Omit every picture, then return each line of the data below exactly.

• Data provided:
-- Opening Marker --

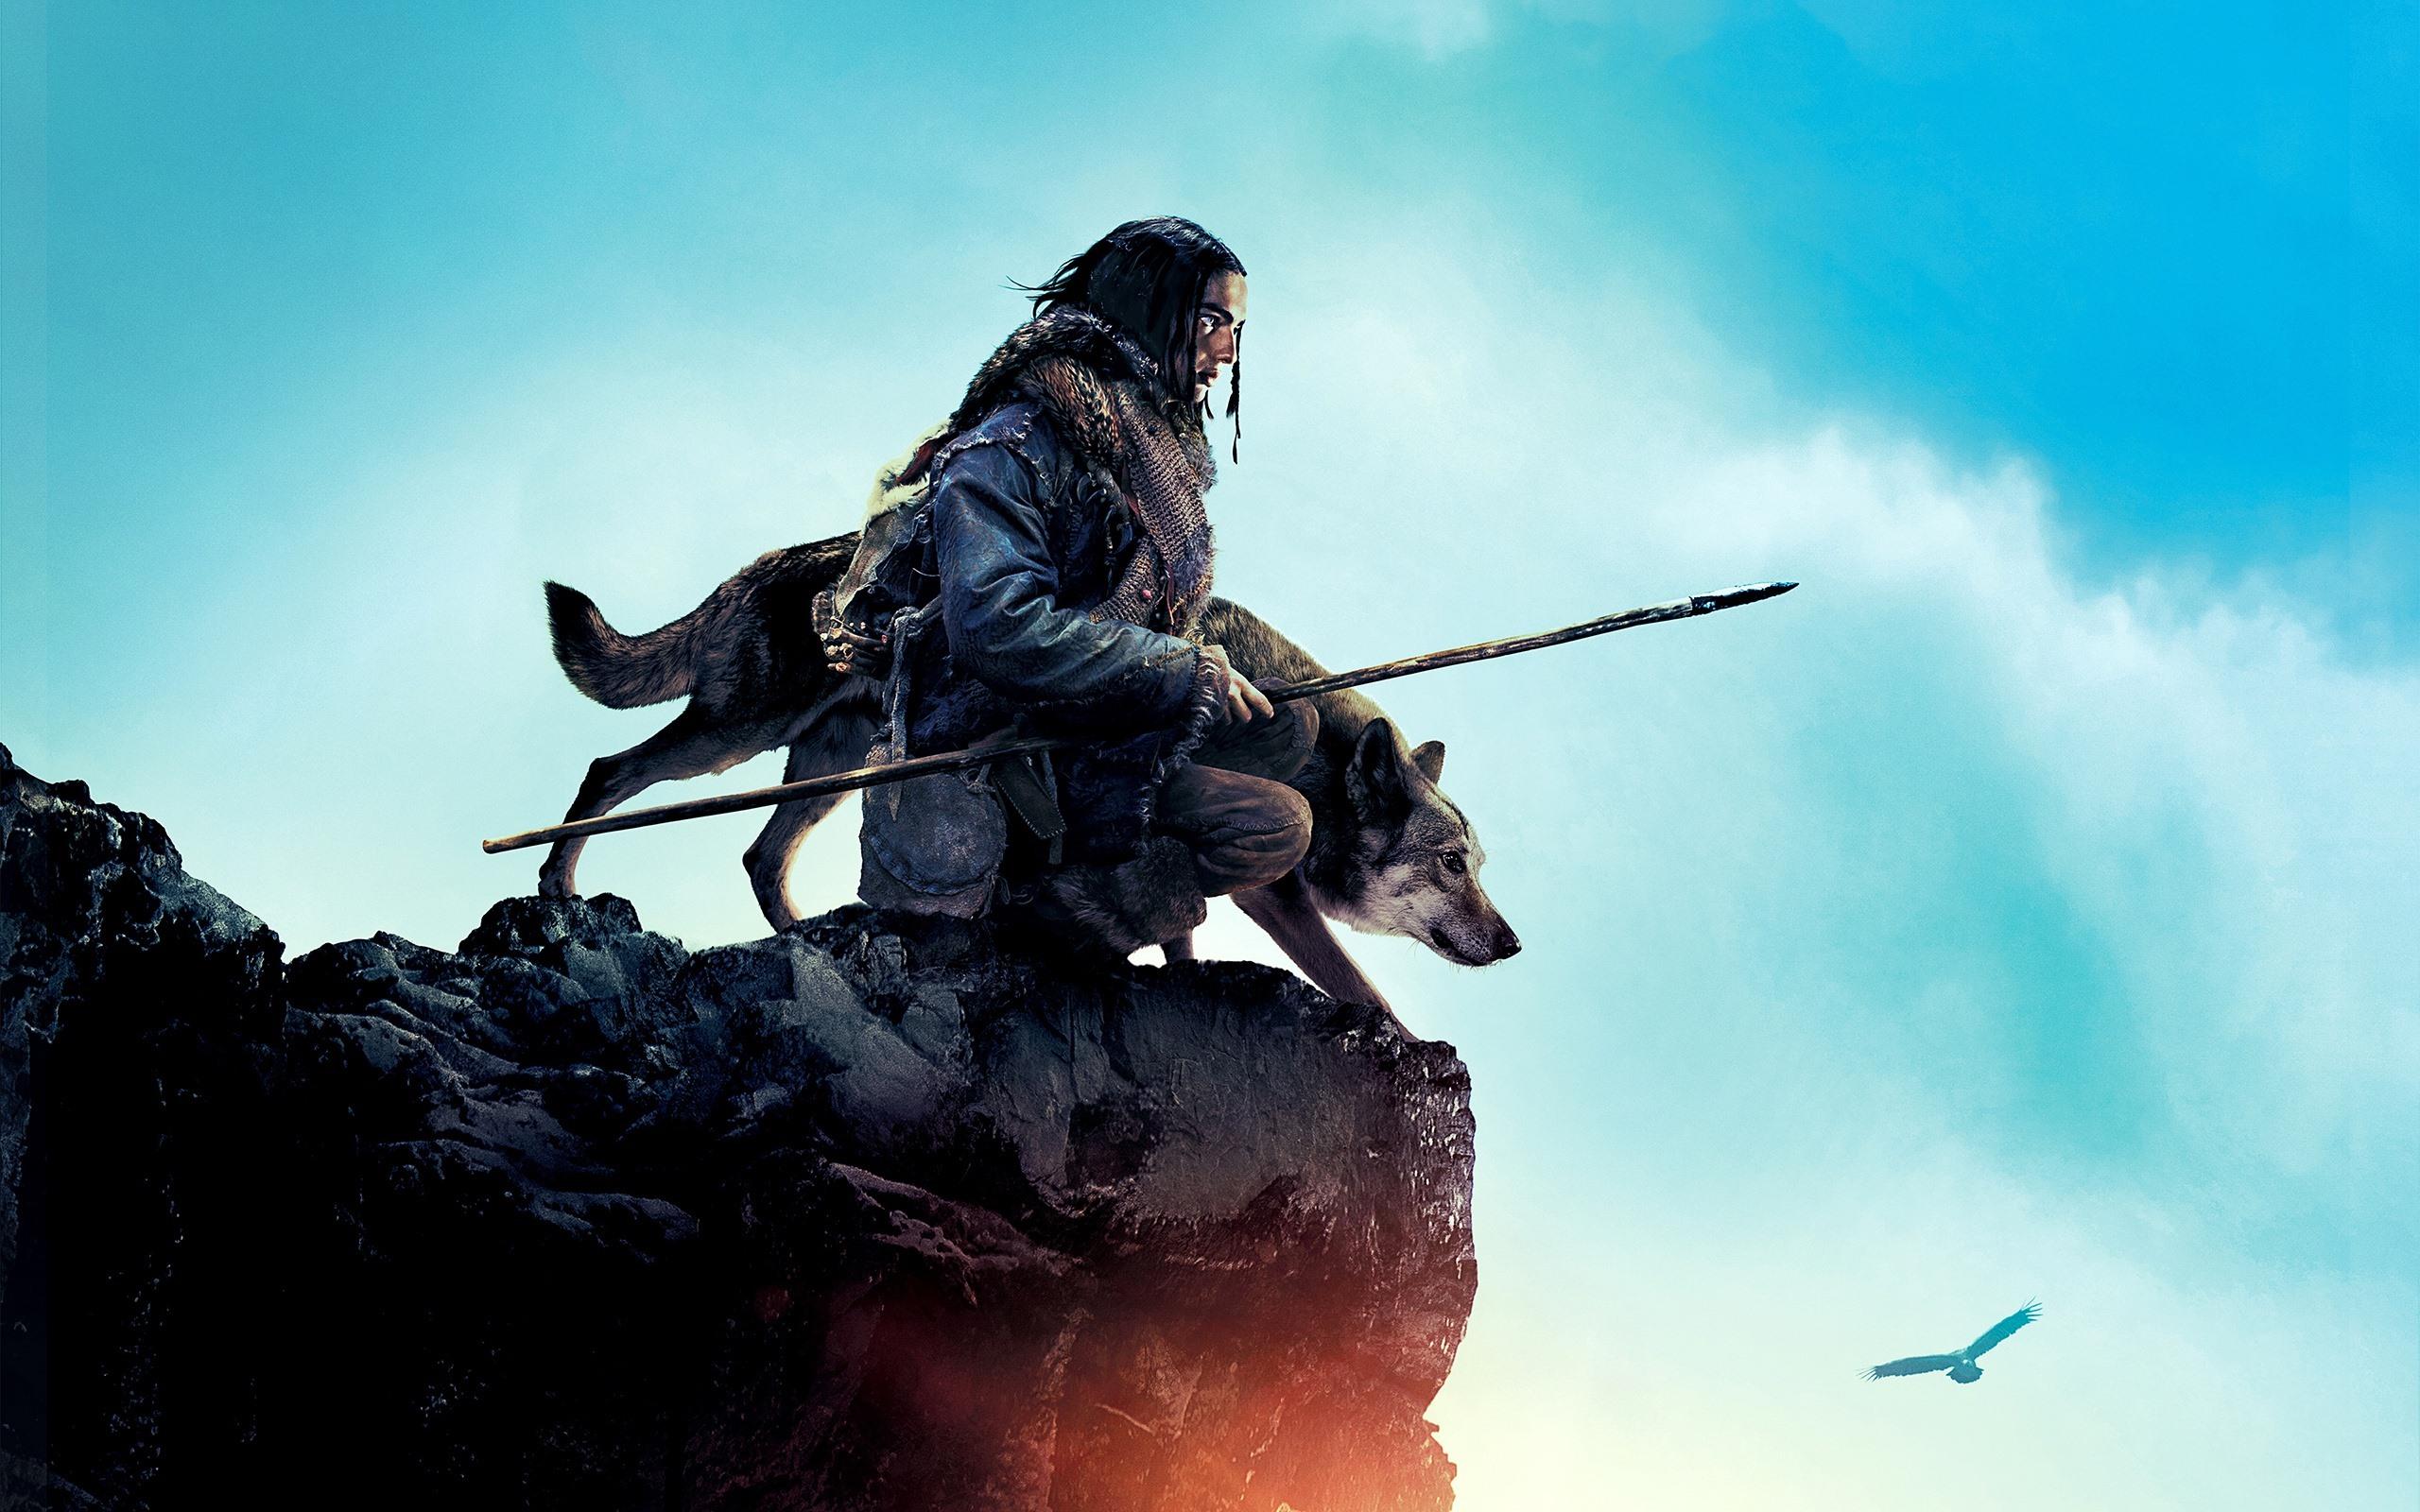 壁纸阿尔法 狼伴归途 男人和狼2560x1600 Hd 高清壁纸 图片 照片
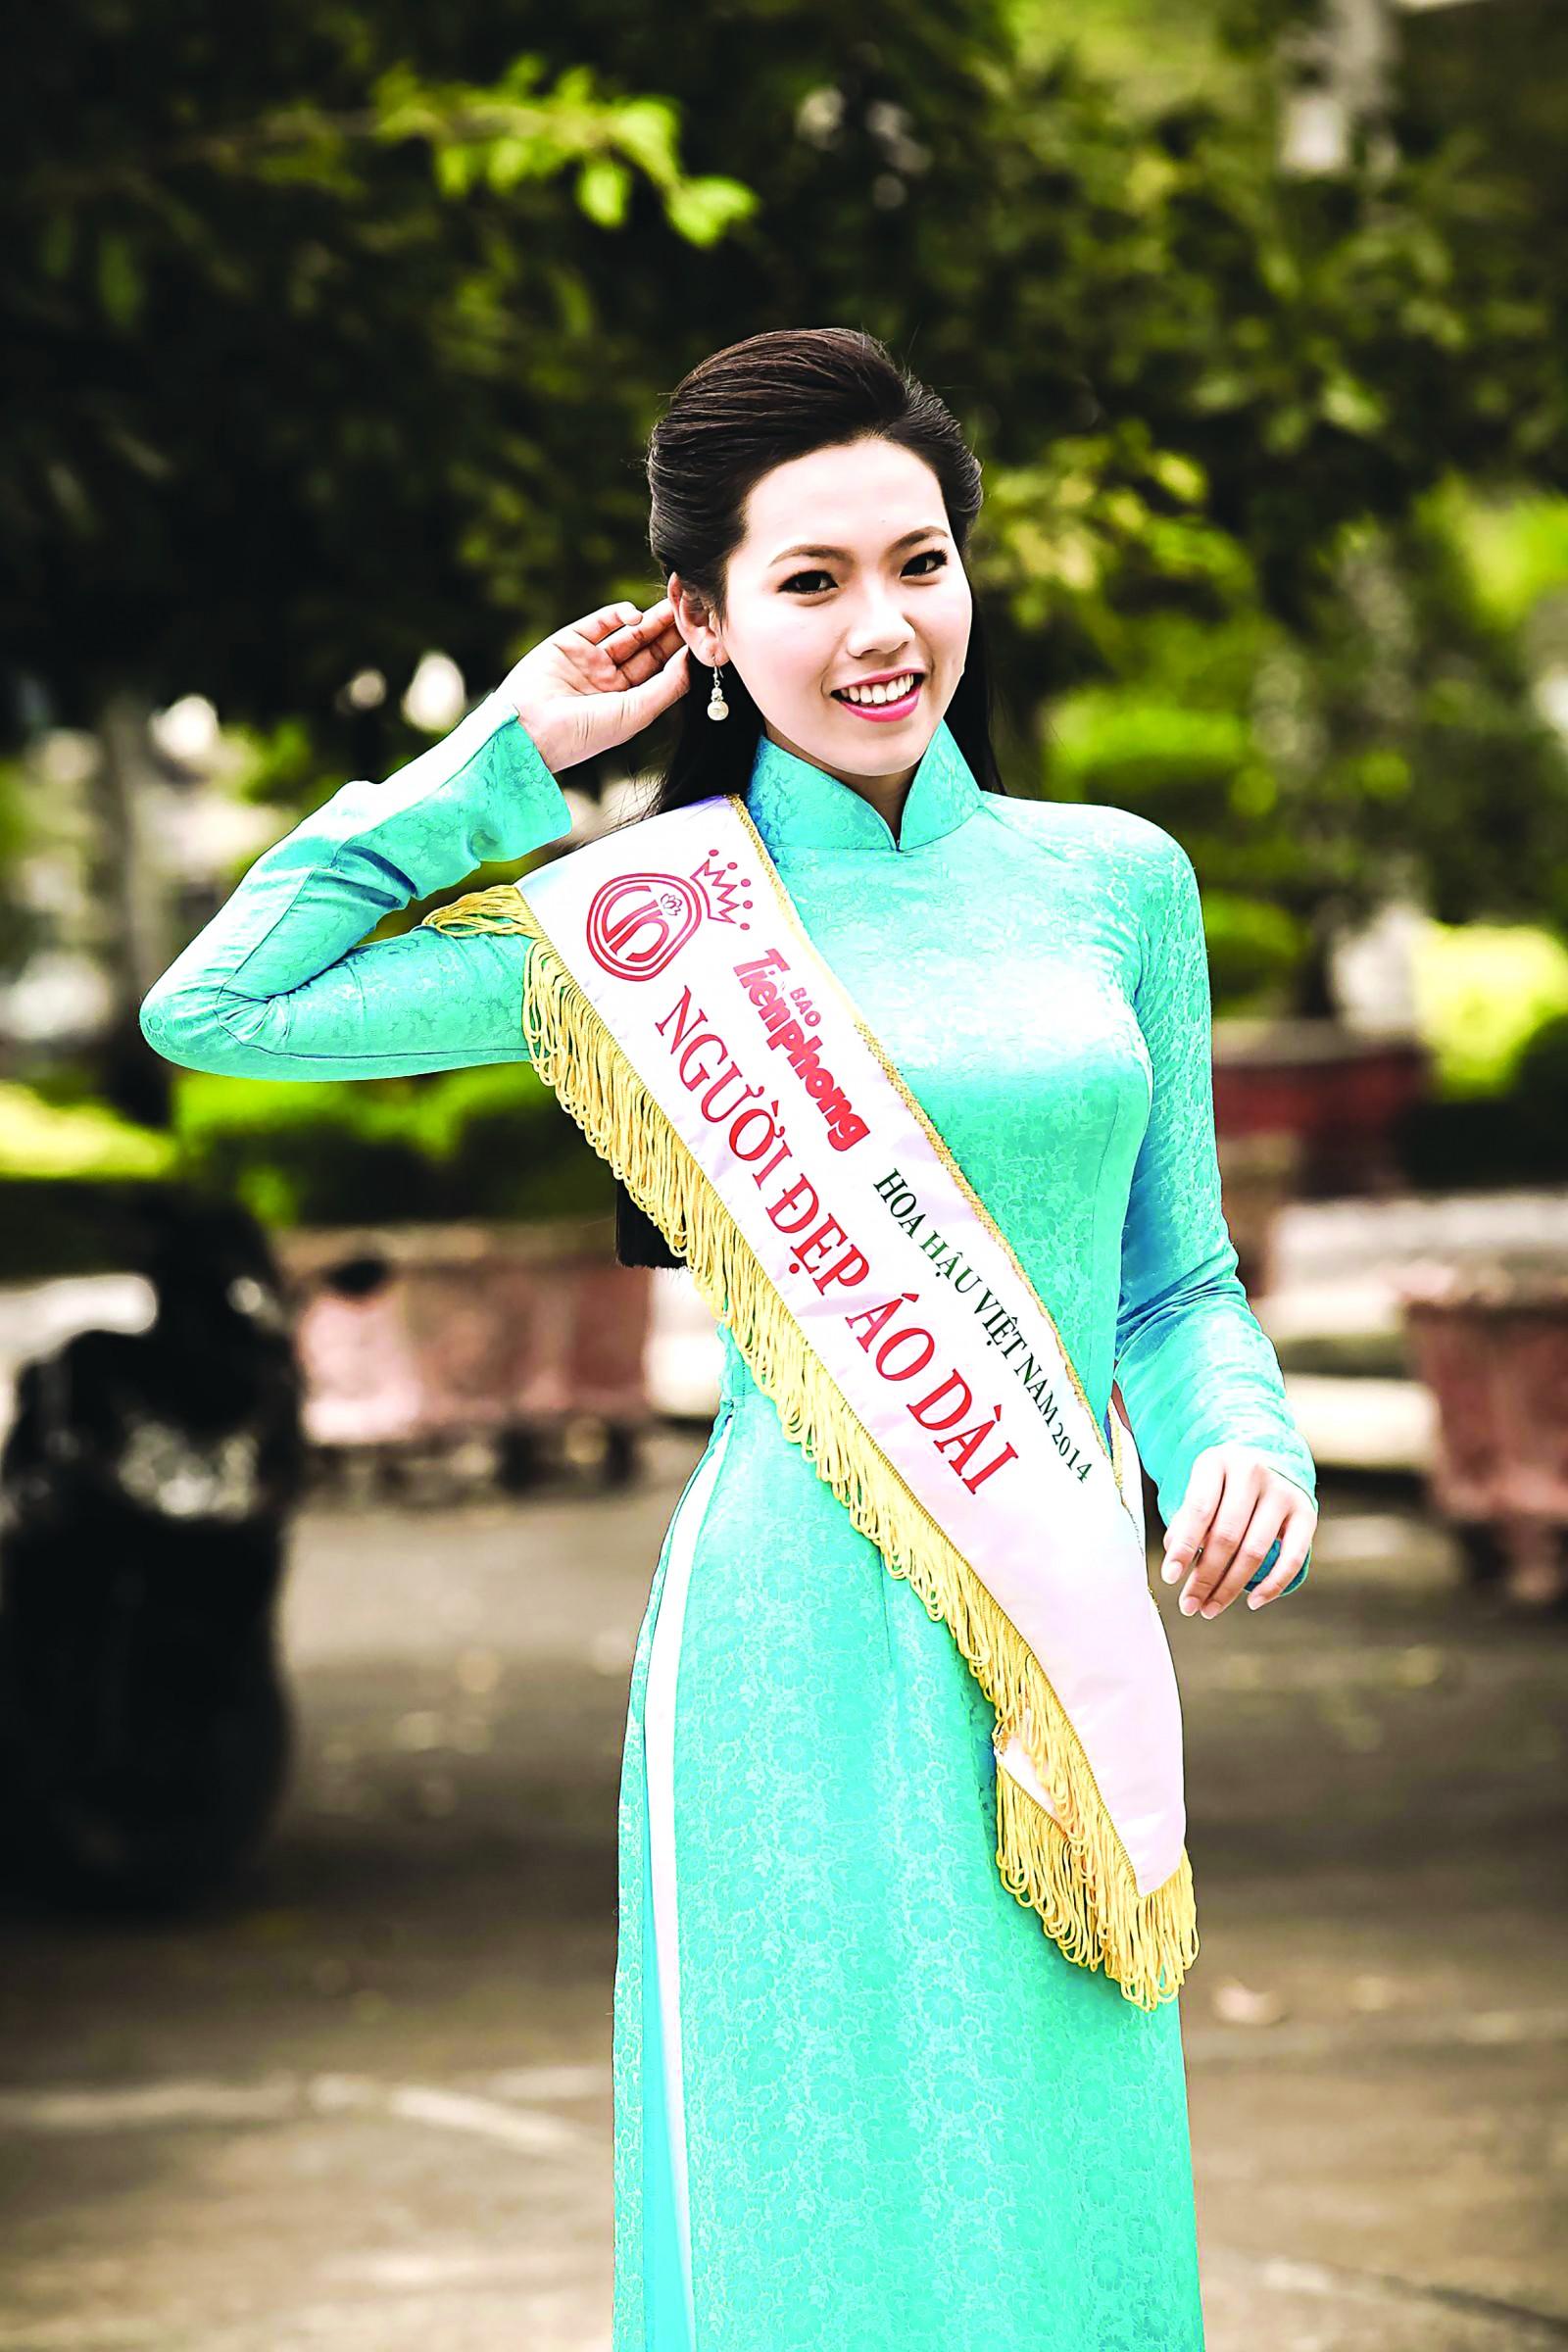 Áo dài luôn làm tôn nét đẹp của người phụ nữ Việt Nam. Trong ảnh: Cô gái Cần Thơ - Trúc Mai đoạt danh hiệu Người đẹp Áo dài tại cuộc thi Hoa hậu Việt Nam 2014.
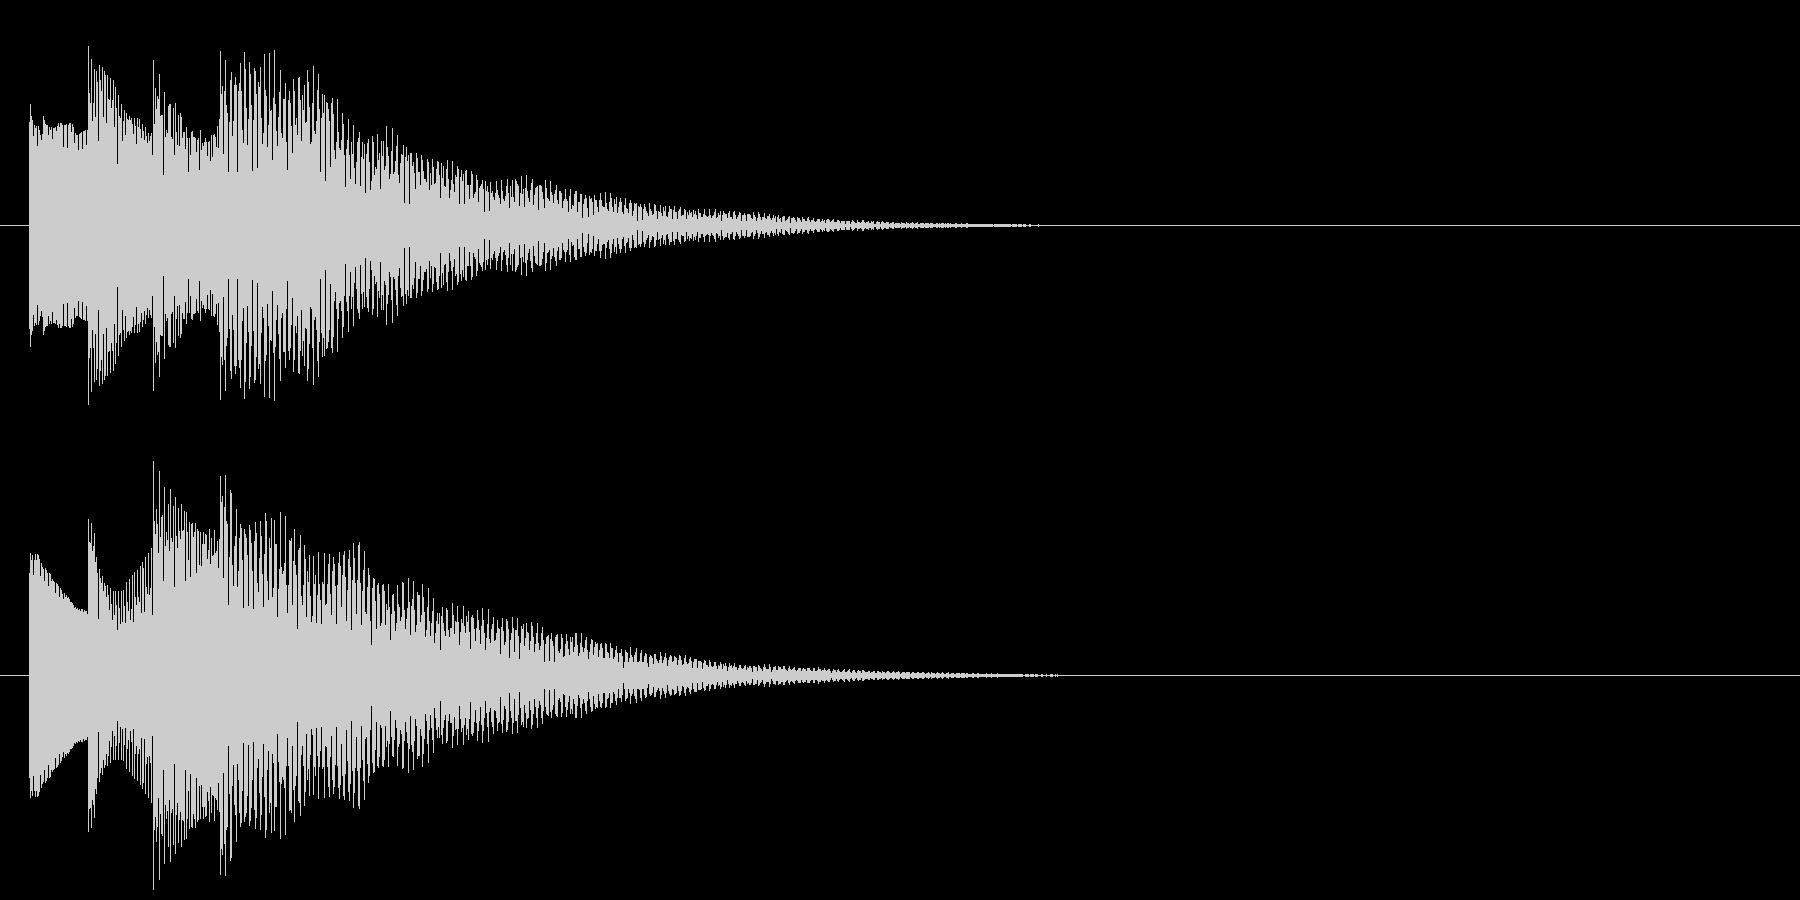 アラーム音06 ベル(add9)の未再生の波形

-- Closing Marker --

• Answer for the task:
 壁纸阿尔法 狼伴归途 男人和狼2560x1600 Hd 高清壁纸 图片 照片
 Áo dài luôn làm tôn nét đẹp của người phụ nữ Việt Nam. Trong ảnh: Cô gái Cần Thơ - Trúc Mai đoạt danh hiệu Người đẹp Áo dài tại cuộc thi Hoa hậu Việt Nam 2014.
 アラーム音06 ベル(add9)の未再生の波形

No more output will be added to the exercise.